Everything in the listing below from the line containing "Simple Lamp Wallpaper" through the line containing "Le rover Viper" must be repeated exactly; the remaining lines are not wanted.

_MATERIAL FOR THE TASK_:
# # # # # # #

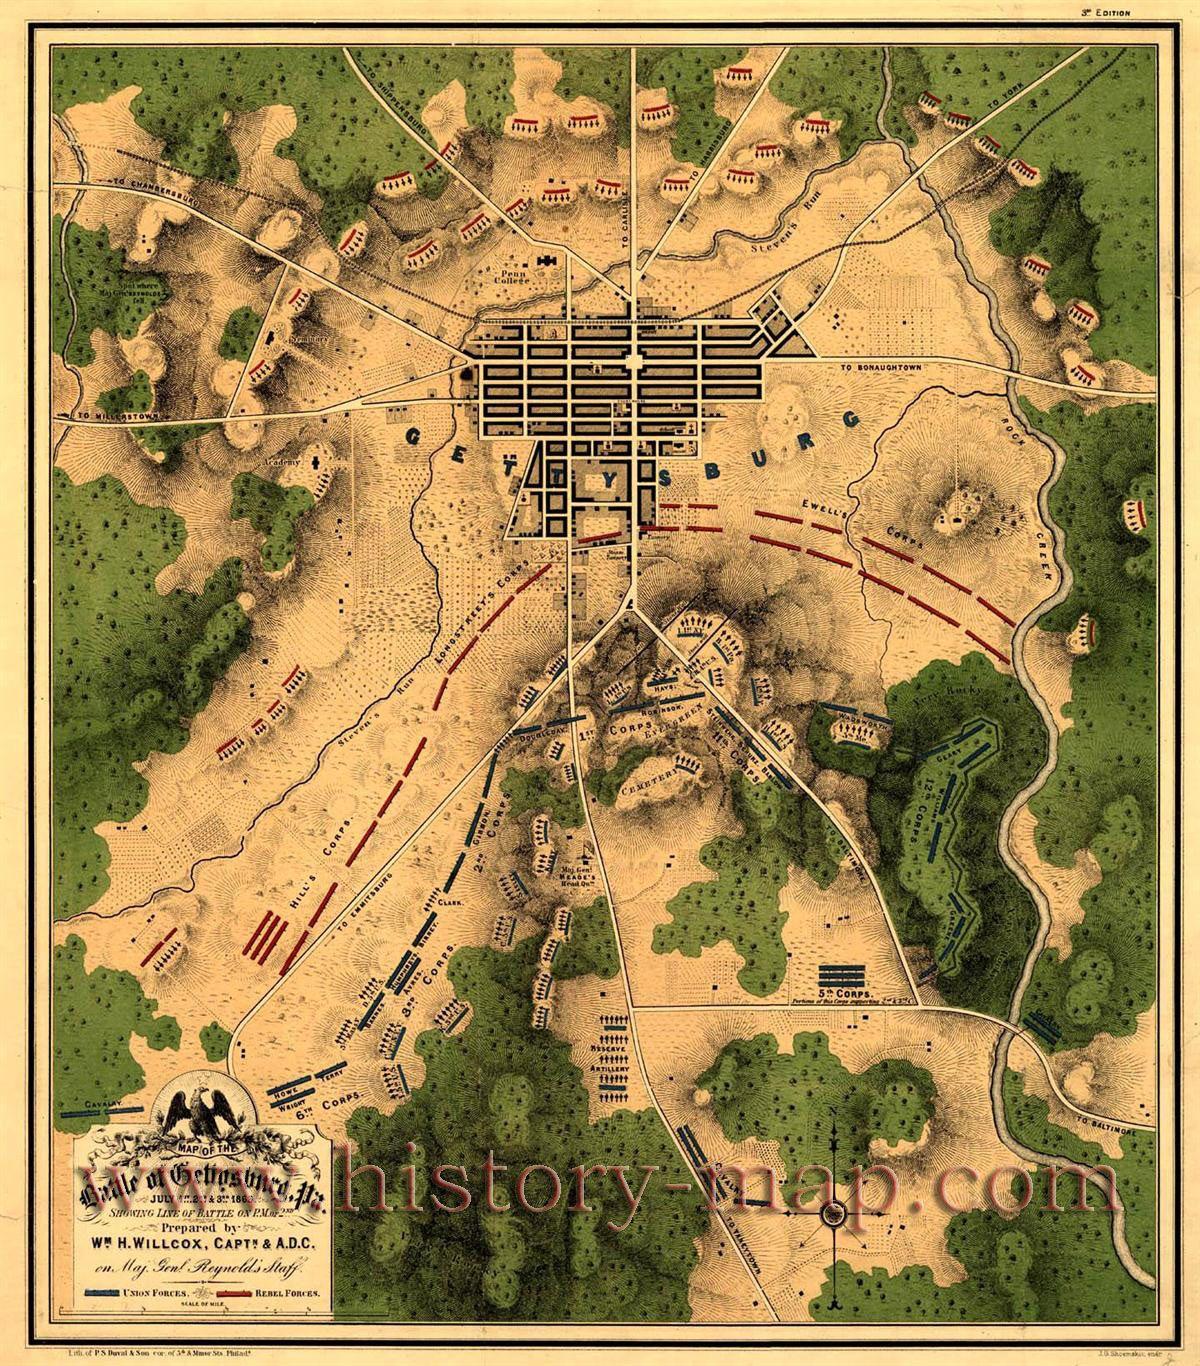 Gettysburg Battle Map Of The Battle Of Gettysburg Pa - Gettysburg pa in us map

# # # # # # #

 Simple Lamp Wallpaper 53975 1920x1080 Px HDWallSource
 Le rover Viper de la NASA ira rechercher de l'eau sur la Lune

# # # # # # #

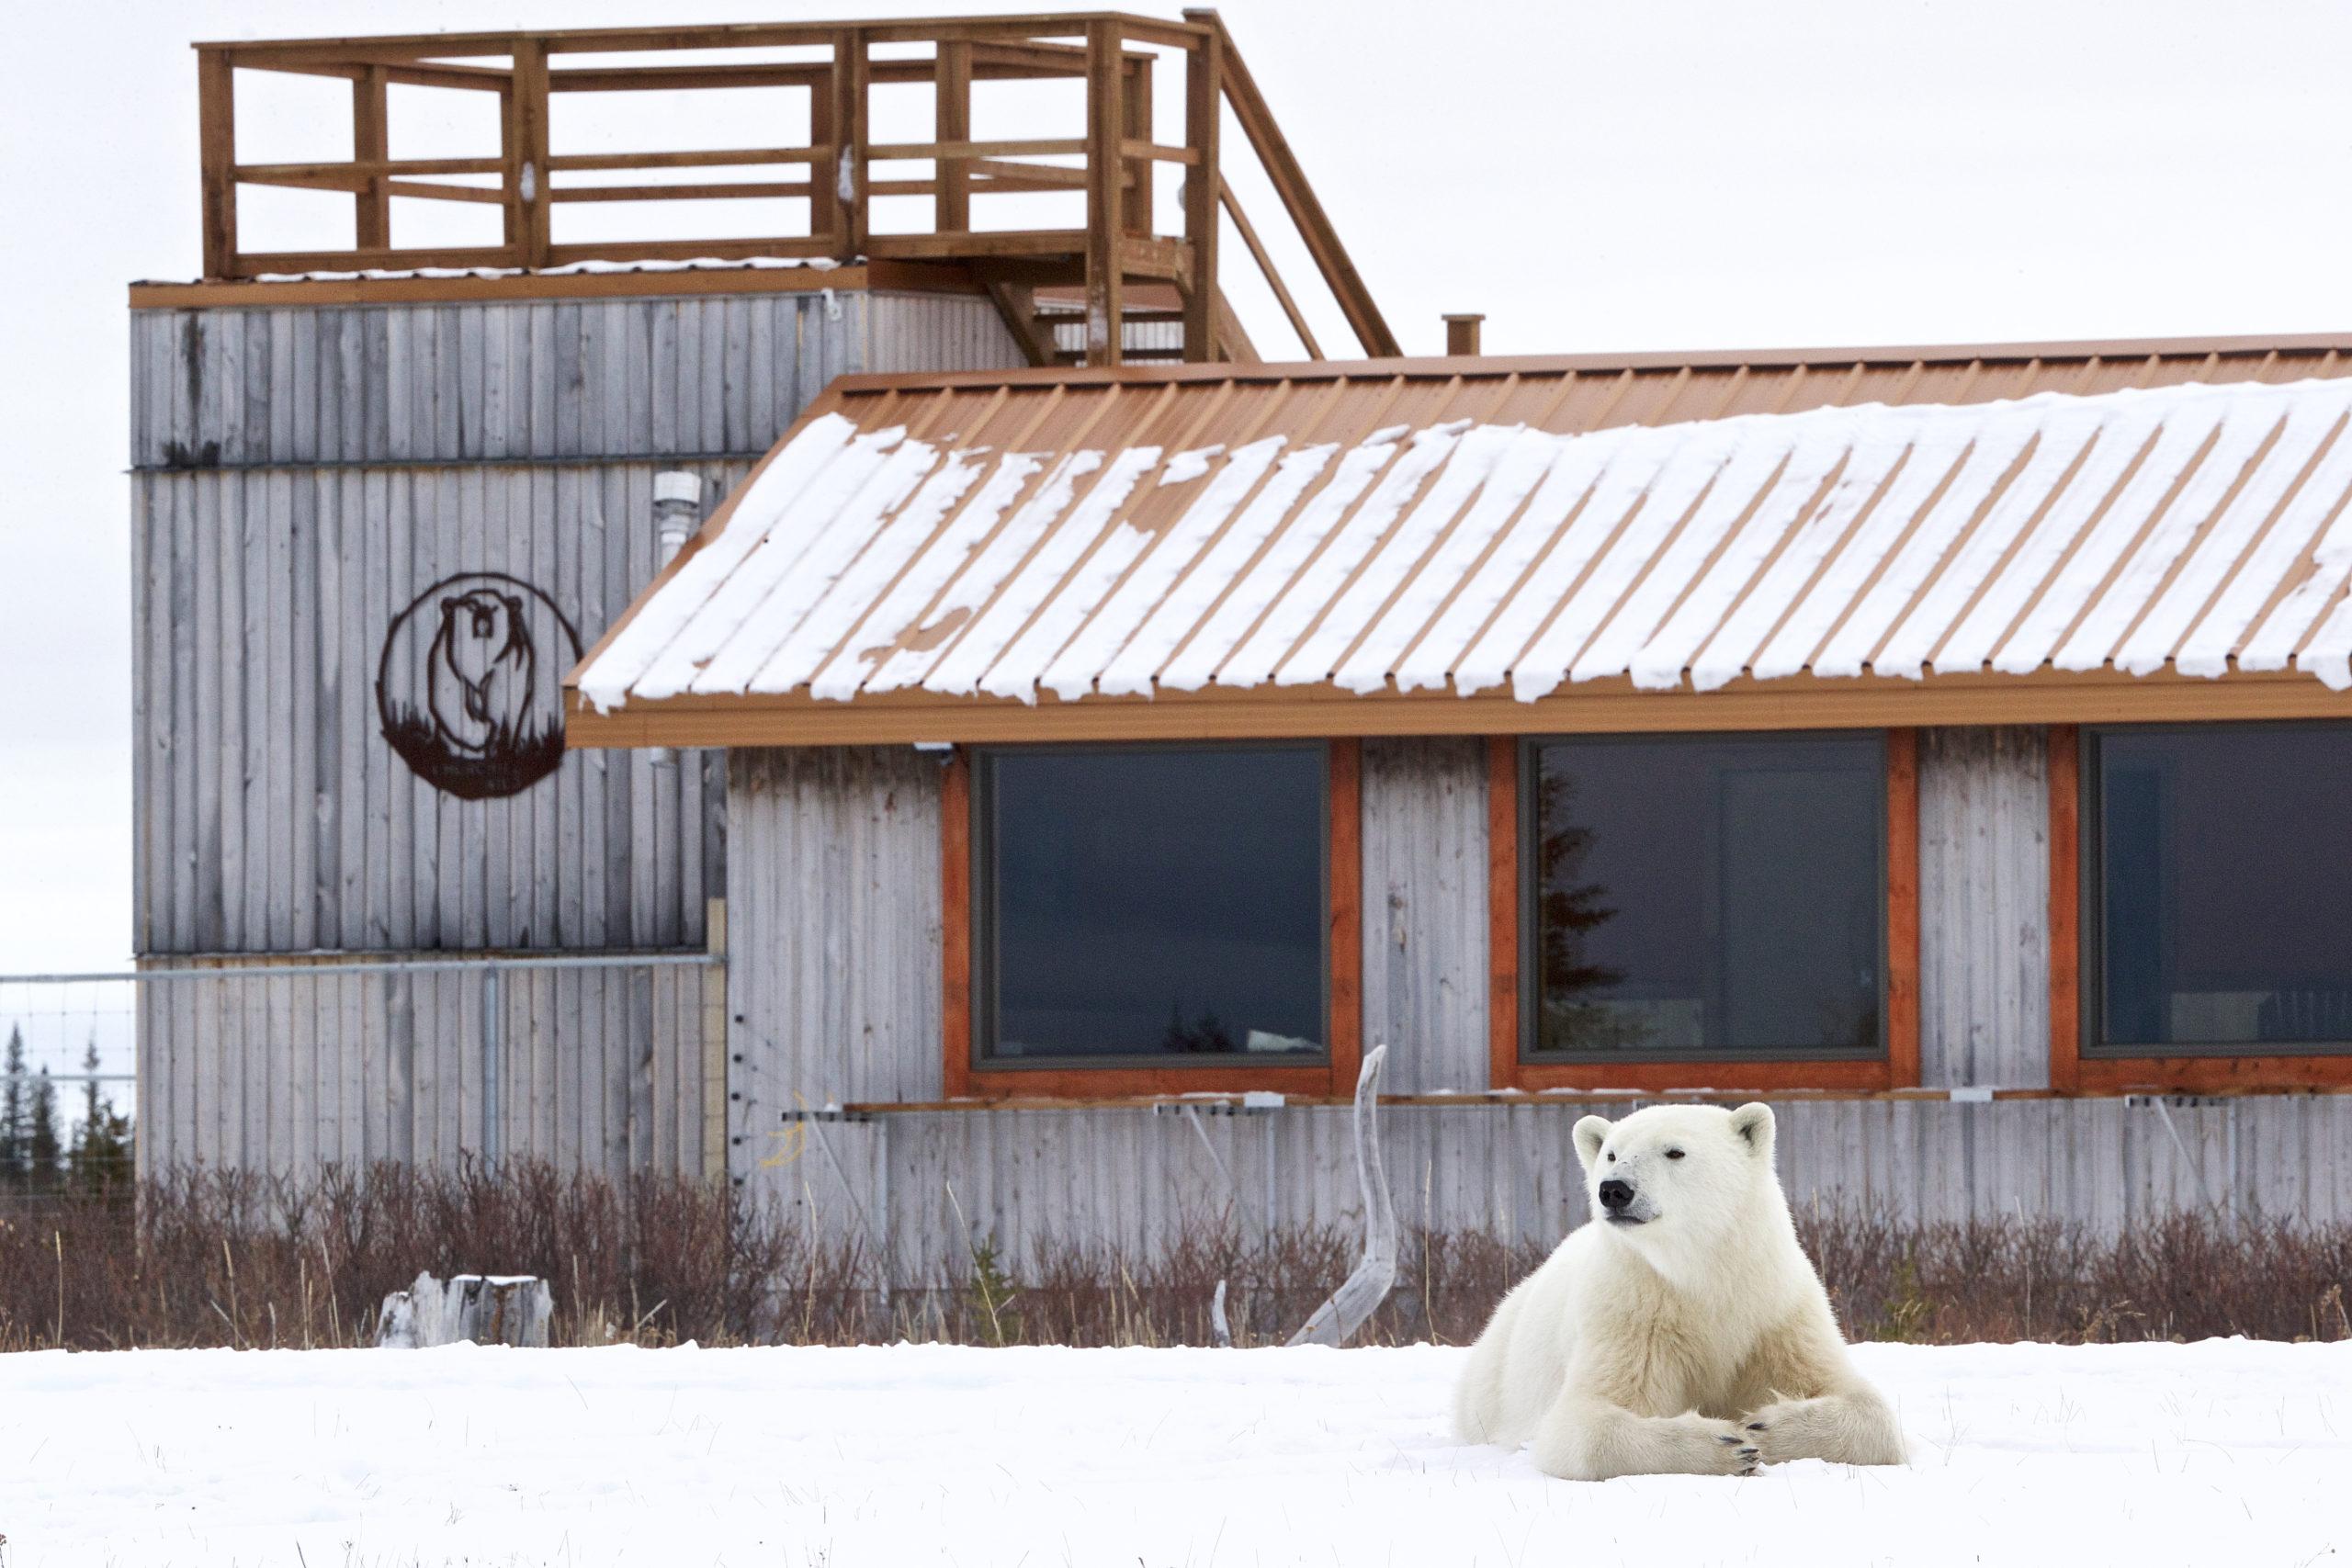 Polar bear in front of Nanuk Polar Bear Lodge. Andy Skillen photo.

# # # # # # #

_TASK RESULT_:
 Simple Lamp Wallpaper 53975 1920x1080 Px HDWallSource
 Le rover Viper de la NASA ira rechercher de l'eau sur la Lune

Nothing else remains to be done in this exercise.